I strode out into the foyer and started up the stairs, walking as calmly and deliberately as I could. Martha and Jessica followed. Upstairs, to my relief, the hammering had stopped.
At the top of the stairs, to my right, I could see the open double doors to the master suite. When I was a few steps from the top, Clay Spottiswood stuck his head out.
“Where’s my package?” he asked. “I’m expecting a package.”
“Not happy with all the packages you’ve stolen from the rest of us?” Martha snapped.
“Stop blaming me for the packages,” Clay said. “I’ve lost packages just like the rest of you.”
He had—or at least claimed he had—and he’d probably spent more time complaining to me than all the rest of the designers put together.
I ignored both Martha and Clay and turned left. I could see spots of blood-red paint on the tarp covering the hall floor. And a few spots on the walls, where Ivy, the trompe l’oeil artist, was painting an elaborate mural of the Twelve Days of Christmas.
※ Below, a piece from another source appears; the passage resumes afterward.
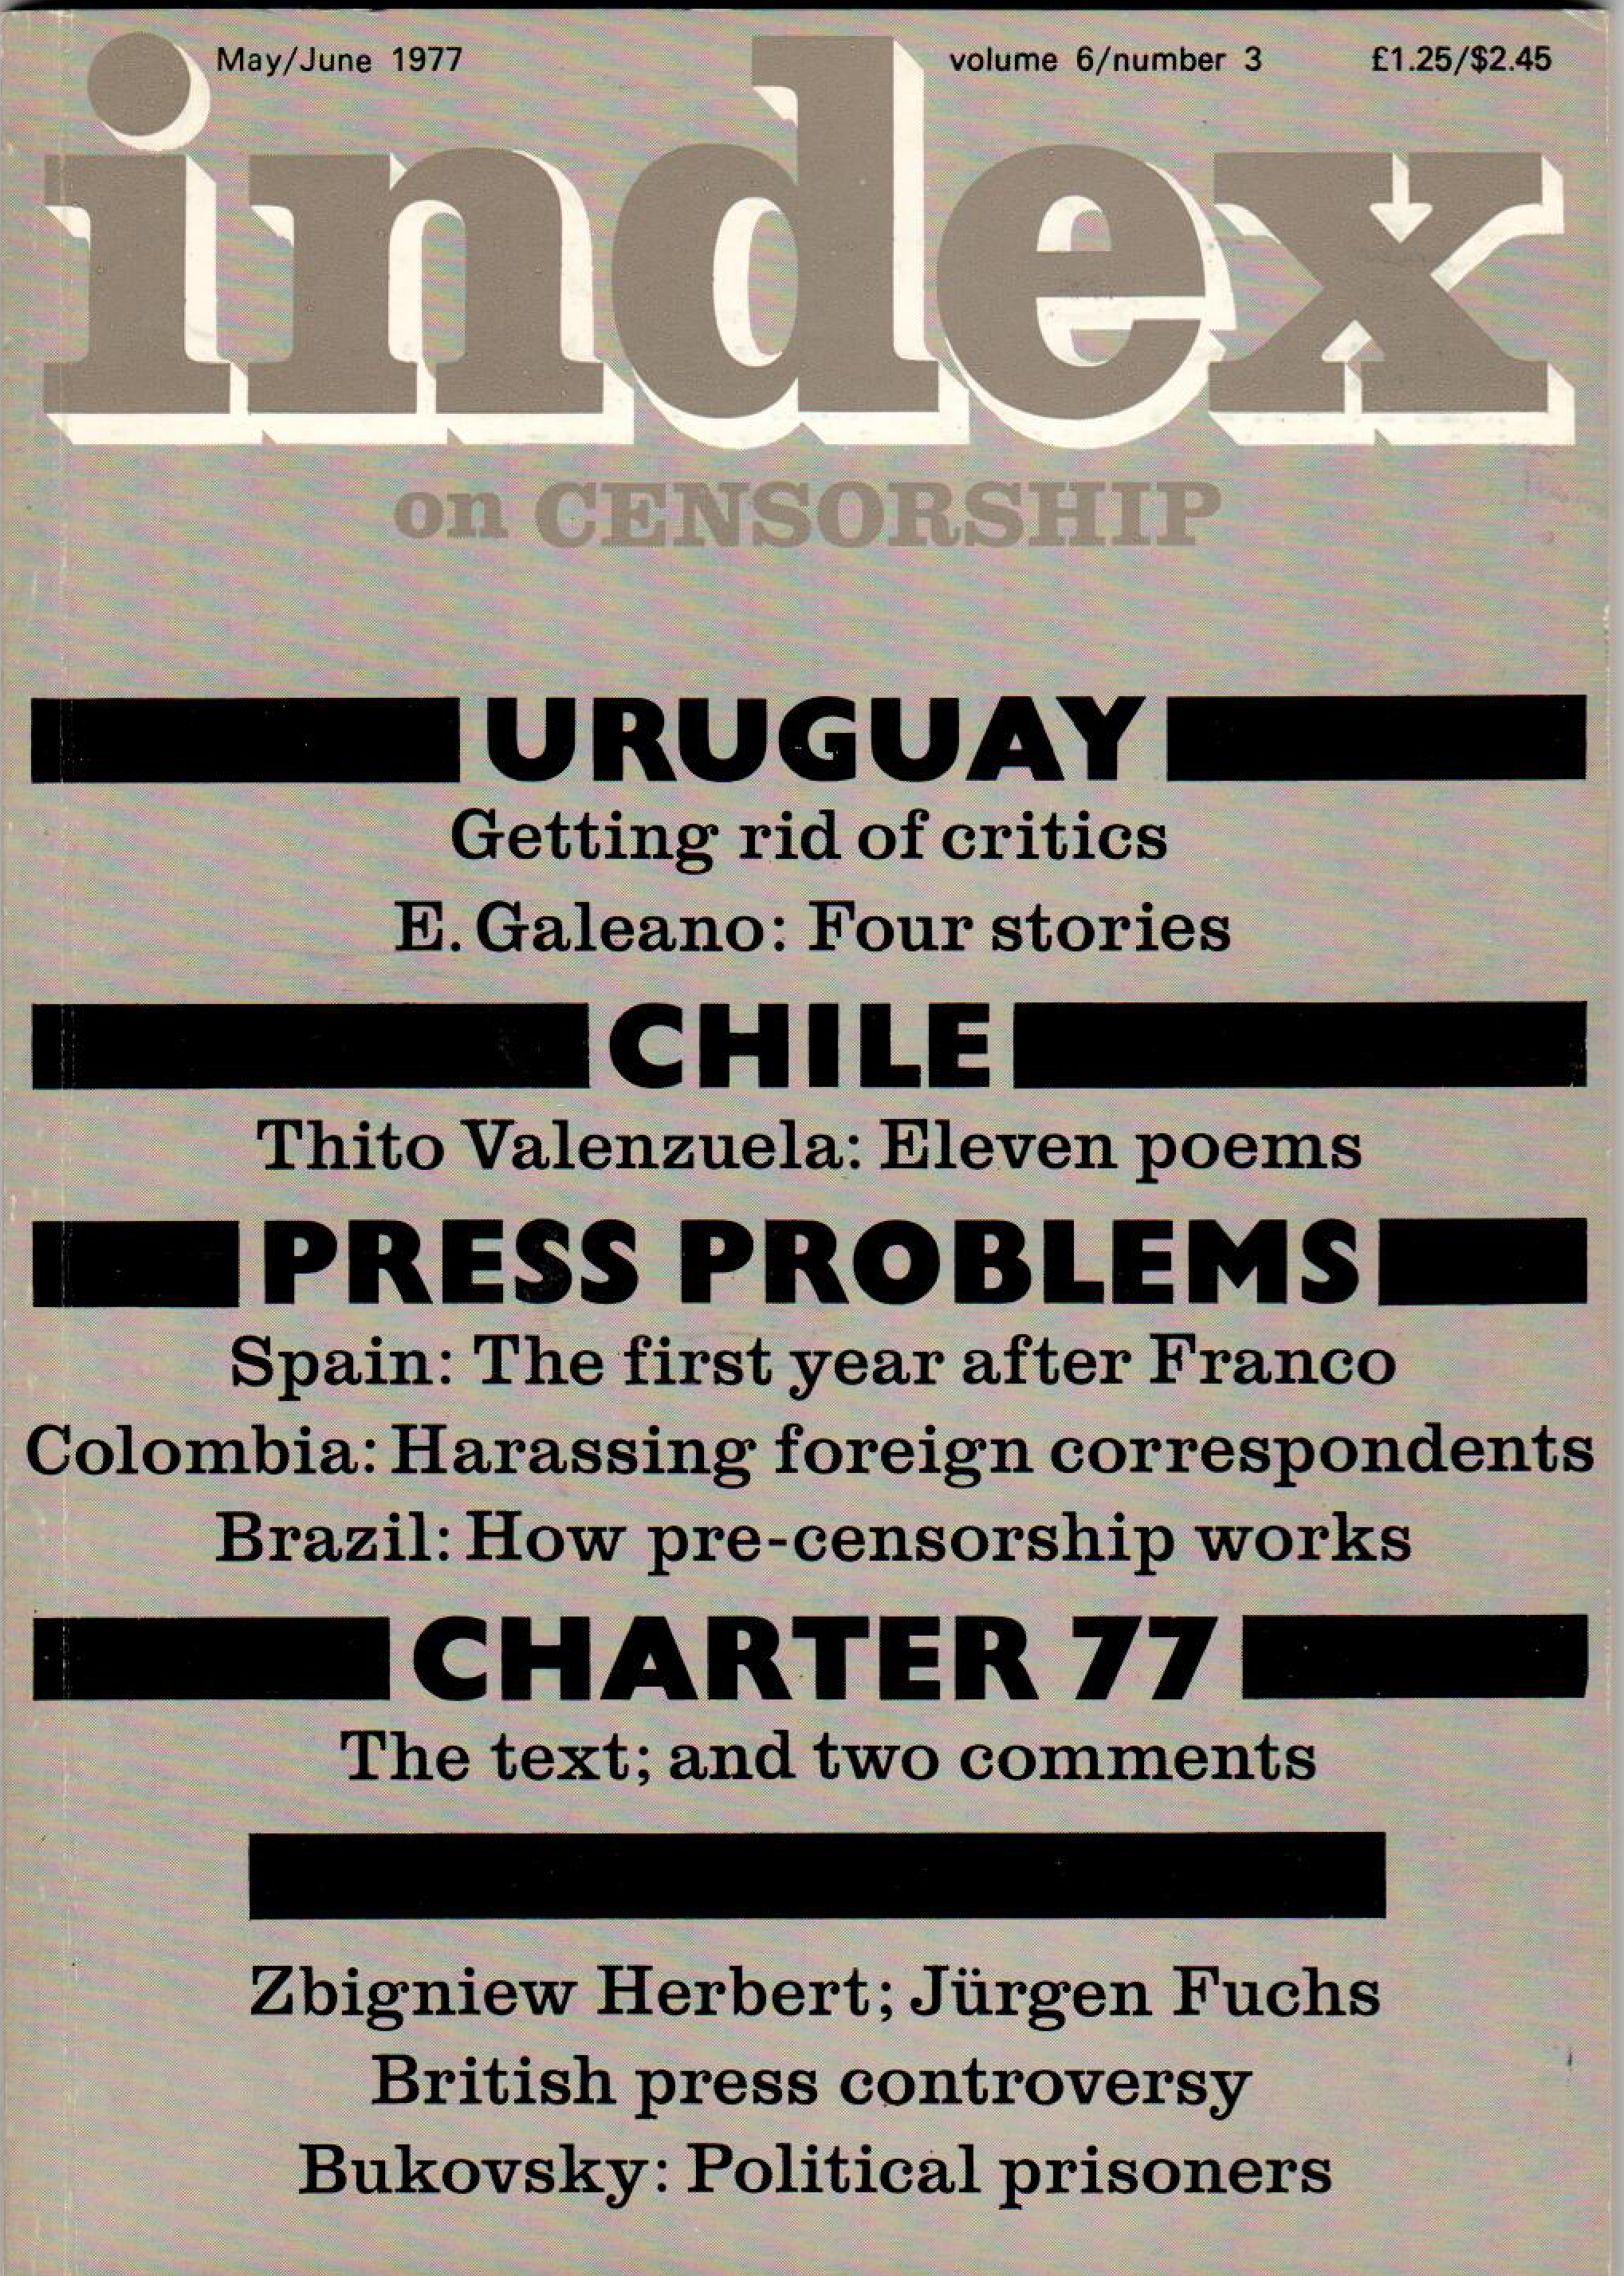 Uruguay: Getting rid of critics, the May 1977 issue of Index on Censorship magazine

Had this, rather than paint fumes, stress, and eyestrain, caused the headache Ivy had gone home with?
I heard the whirring and clicking of Jessica’s camera. Well, okay. Document the damage.
I entered Violet’s room, which she was decorating in what Mother called “Early Disney Princess.” Her room was so over-the-top that Mother and I sometimes called her “Princess Violet,” though the name was a bit incongruous for a small and rather mousy-looking woman of around thirty. Everything in her room was in pink, white, and lavender. White-painted furniture. Wallpaper with pink and lavender floral garlands on a white background. Matching fabric on the twin bed and the half canopy over it. Pink and lavender decorations on the white-painted built-in bookshelves. A cluster of pink, white, and lavender stuffed animals and pillows on the bed.